Your task: Only the pictures are to be left out; return the rest of the data exactly as it stands.

Given data:

*** Block opens ***

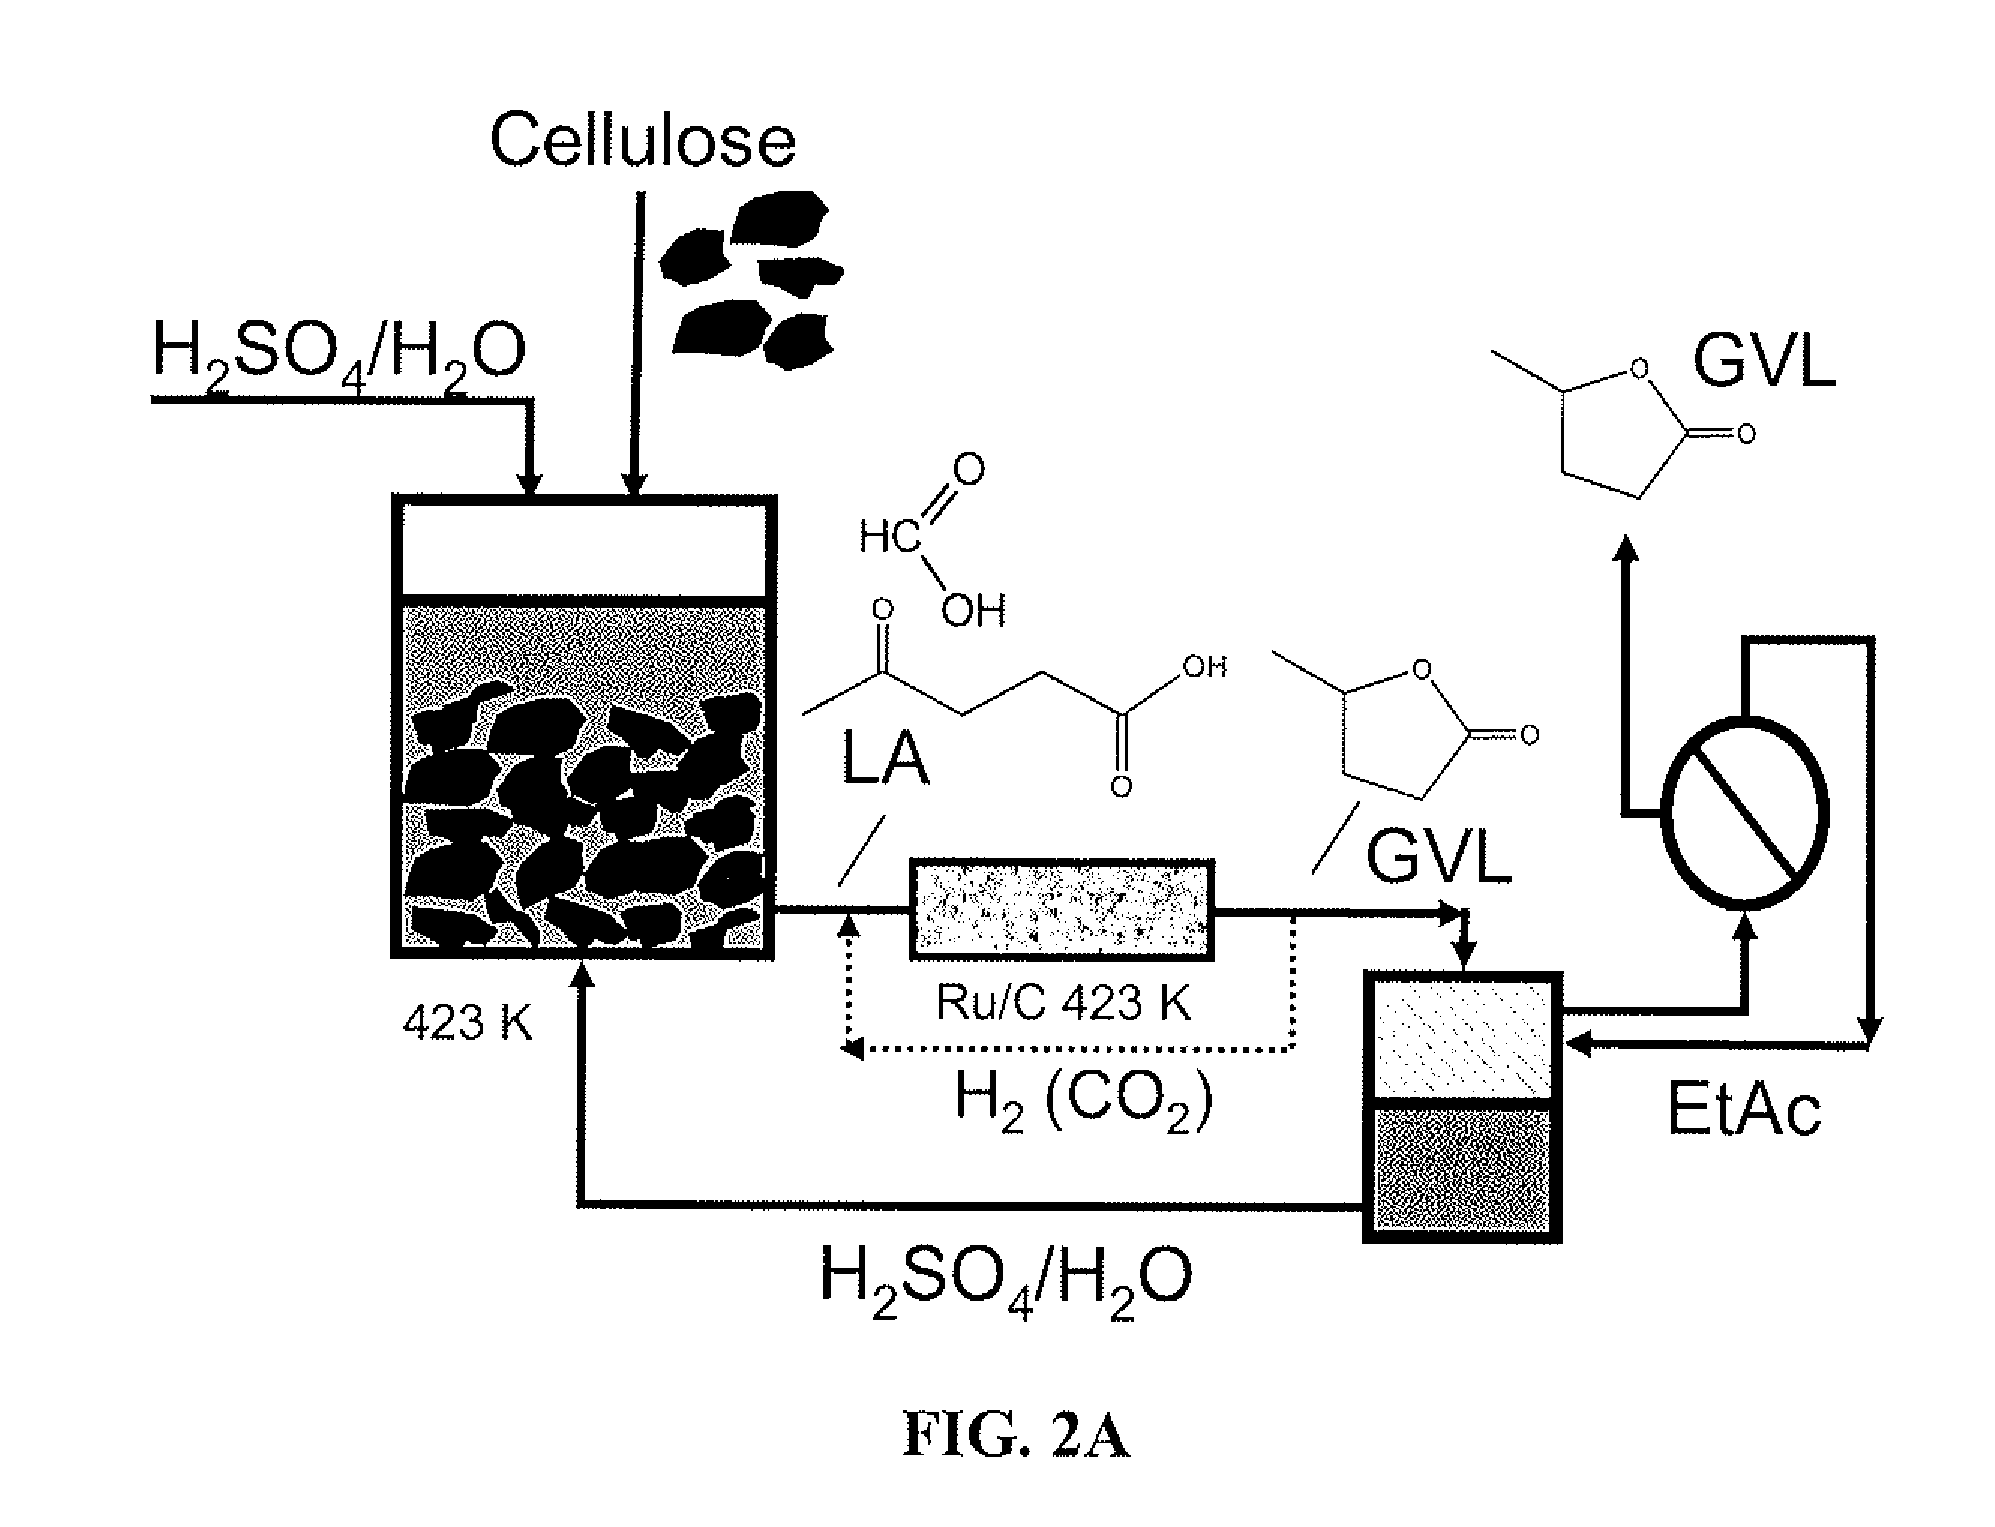 Catalytic conversion of cellulose to liquid hydrocarbon fuels by progressive removal of oxygen to facilitate separation processes and achieve high selectivities
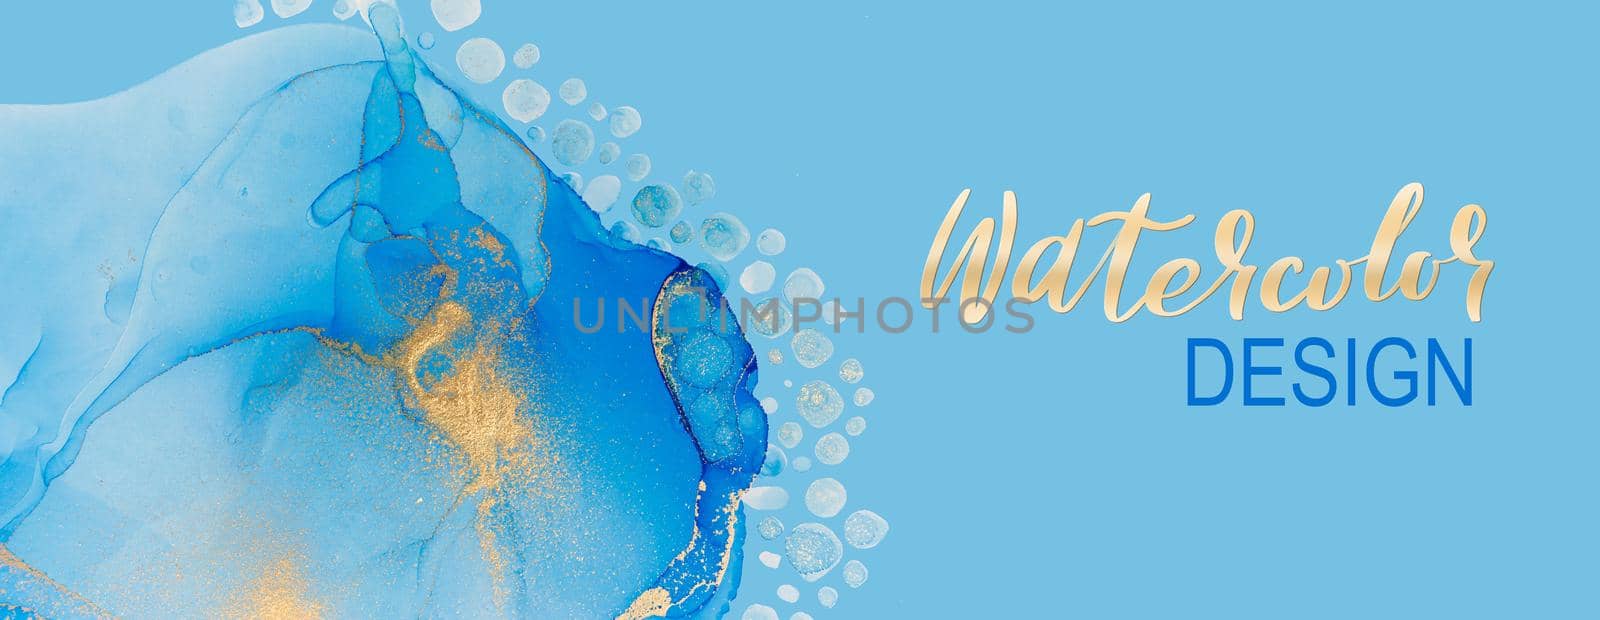 Abstract blue watercolor pattern with drops, blobs and golden parts by AnaBabii
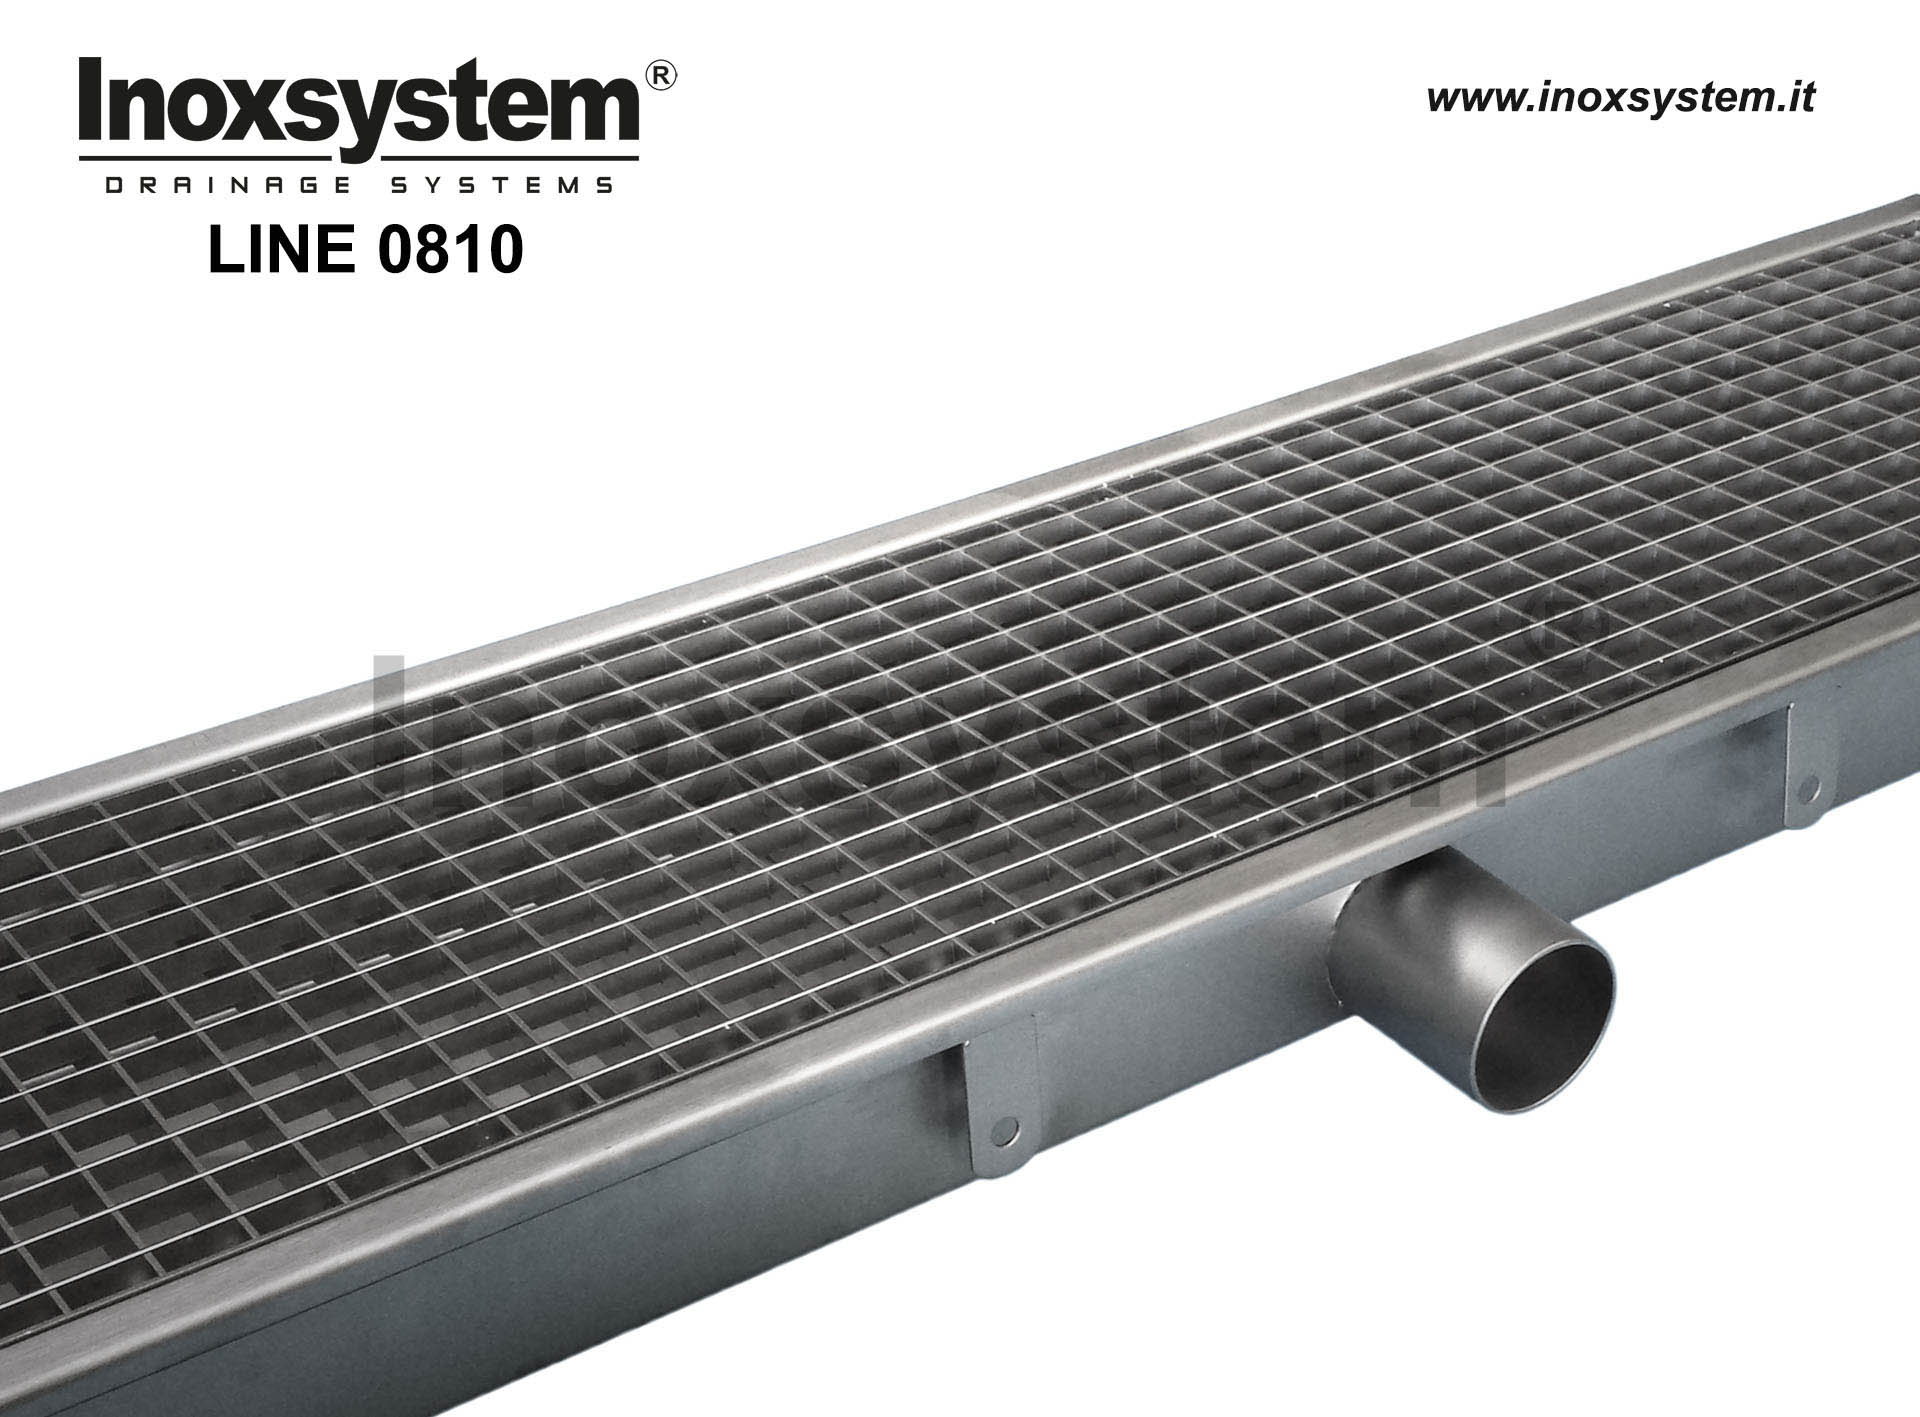 Stainless steel grating channel with direct outlet

*** Block closes ***

Response area:
 Catalytic conversion of cellulose to liquid hydrocarbon fuels by progressive removal of oxygen to facilitate separation processes and achieve high selectivities
 Abstract blue watercolor pattern with drops, blobs and golden parts by AnaBabii
 Stainless steel grating channel with direct outlet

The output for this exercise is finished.